Bernard Ortiz de Montellano’s review of Aztec dietary practices conclude that this culture exploited a vast range of food sources in creative ways, allowing for intakes of protein and other critical nutrients that may be surprising to modern nutritionists in the developed world. His analysis of the diet of the ancient Aztec is intensely illuminating, even given its self-admitted deficiencies. Of course, modern scholars cannot know exactly what these ancient people ate, but the guesses and inferences are shrewd and moderate, and use many nutritional markers that were not available in an earlier article in a similar topic by Ortiz de Montellano (Ortiz de Montanello passim). More importantly, they take into consideration, without squeamishness or derogation, nutritional sources which were sometimes discounted or ignored in earlier centuries and even in earlier decades.

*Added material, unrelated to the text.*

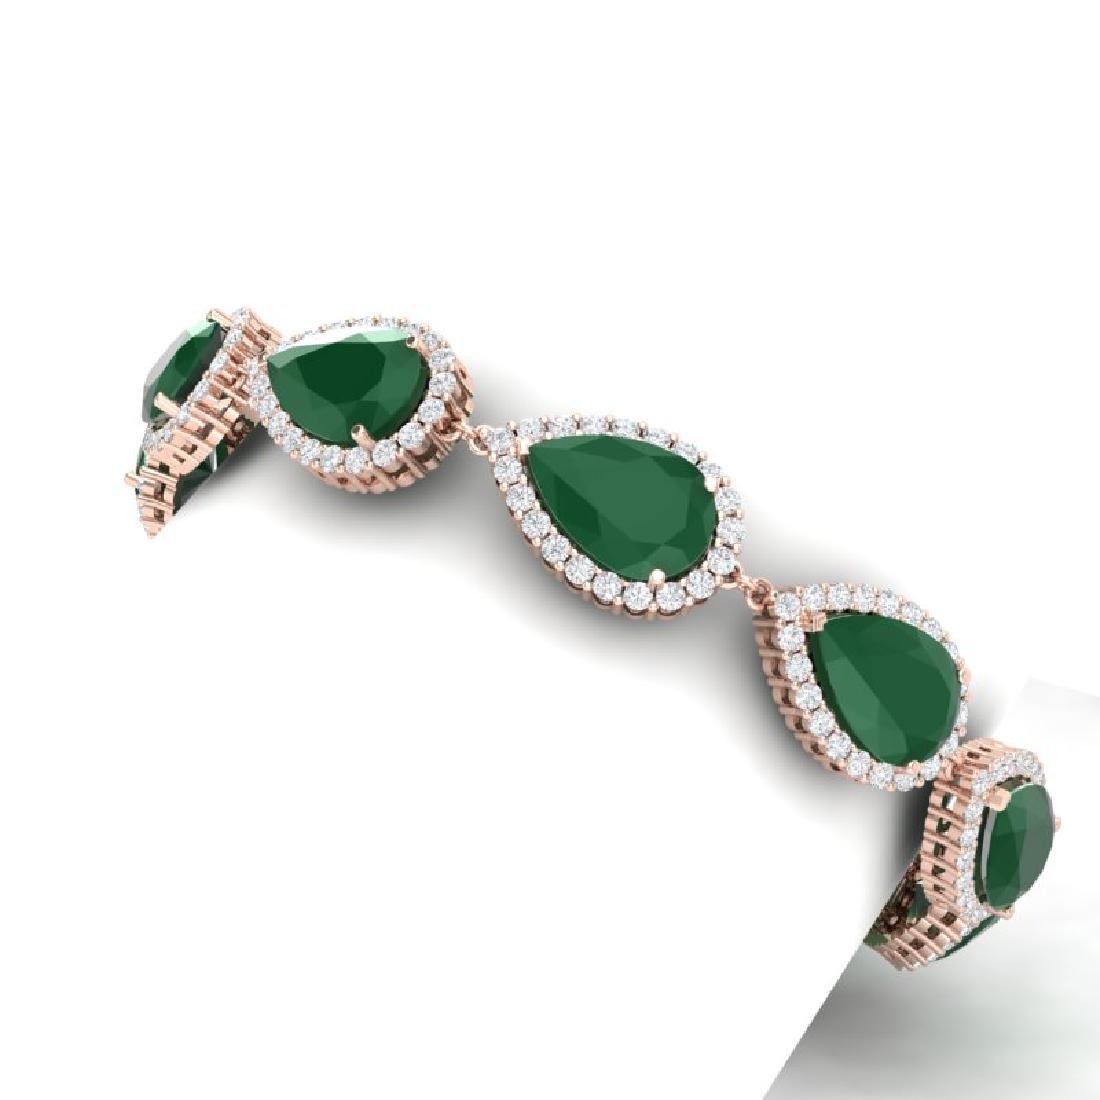 42 CTW Royalty Emerald & VS Diamond Bracelet 18K Rose - 2

Thus, readers learn the role of spirulina, mesquite, agave, maguey, amaranth, and insects; just a few examples of the sorts of non-European foodstuffs with which the Aztecs supplemented the modest quantities of more familiar foods they consumed. Ortiz de Montellano also discusses the techniques used to collect, process, and store their foods; critical elements in garnering the greatest yield of nutrients from each source. An obvious example is the slaking of corn with lime; a less well-known example is the collection of spirulina from the lakes. With this information in hand, the achievement of the Aztec empire becomes more of imaginable. It is so difficult to imagine it today, just looking at the climate and the poverty in the region today. Ortiz de Montellano make
The discussion of illness goes over the relatively small number of illnesses that probably plagued the Aztecs before contact with the Europeans. Ortiz de Montellano also notes the illnesses that inconvenience the population now. He also addresses the public health measures that they followed.
Ortiz de Montellano takes some space to discuss the relationship between a culture’s notions of the origins of illness and the steps that they take to address it. In the case of the Aztec, their attribution of illness to supernatural, magical, or moral causes affected the way they treated them. They used divination, ritual incantation, and tonalli, or what could be described as personal essence, important to health, and crucial to understanding their approach to healing. He also reviews their understanding of natural causation, which was rather sophisticated in some instances, for example in noticing that intercourse during the last month of pregnancy could be associated with infection of the amniotic sac (Ortiz de Montellano 153).
In discussing the cures that the Aztecs attempted, Ortiz de Montellano goes into a great deal of detail regarding their religious ideas. At times, this detail threatens to seriously overwhelm the reader and digress from the issue of health. However, an explication of their religious system is crucial because their ideas of illness were ineluctably tied to their notions of the sacred. This complex and largely poorly understood religious system warrants reader attention.
The author addresses the traditional practices’ potential for effectiveness through such phenomena as the placebo effect, or the reduction of stress. A growing body of research validates this relationship.
This chapter series winds up by considering the modern syncretism that is visible in Mexico today. The confluence of traditional medicine, the Catholic Church, and modern science have created the unique healing practices and belief that are in effect today. As an example of how these influences are syncretized, the author describes ceremonies to ensure good crops that are performed on the day assigned to a saint called Tepozteco, who is a holdover from pre-contact times (Ortiz de Montellano 212).
Thus, Ortiz de Montellano brings the reader fully into the modern era, having demonstrated that the ancient Aztecs possessed a complex and highly evolved diet and medical structure based on a sophisticated religious system. The evidence is plentiful and well-supported, and the whole is profoundly thought-provoking.
Works Cited
Ortiz de Montanello, Bernard R. “Aztec Cannibalism: An Ecological Necessity?” Science 200.4342 (611-617 ). Web. 2012.
Ortiz de Montellano, Bernard R. Aztec Medicine, health and Nutrition. New Brunswick: Rutgers University Press, 1990. Print.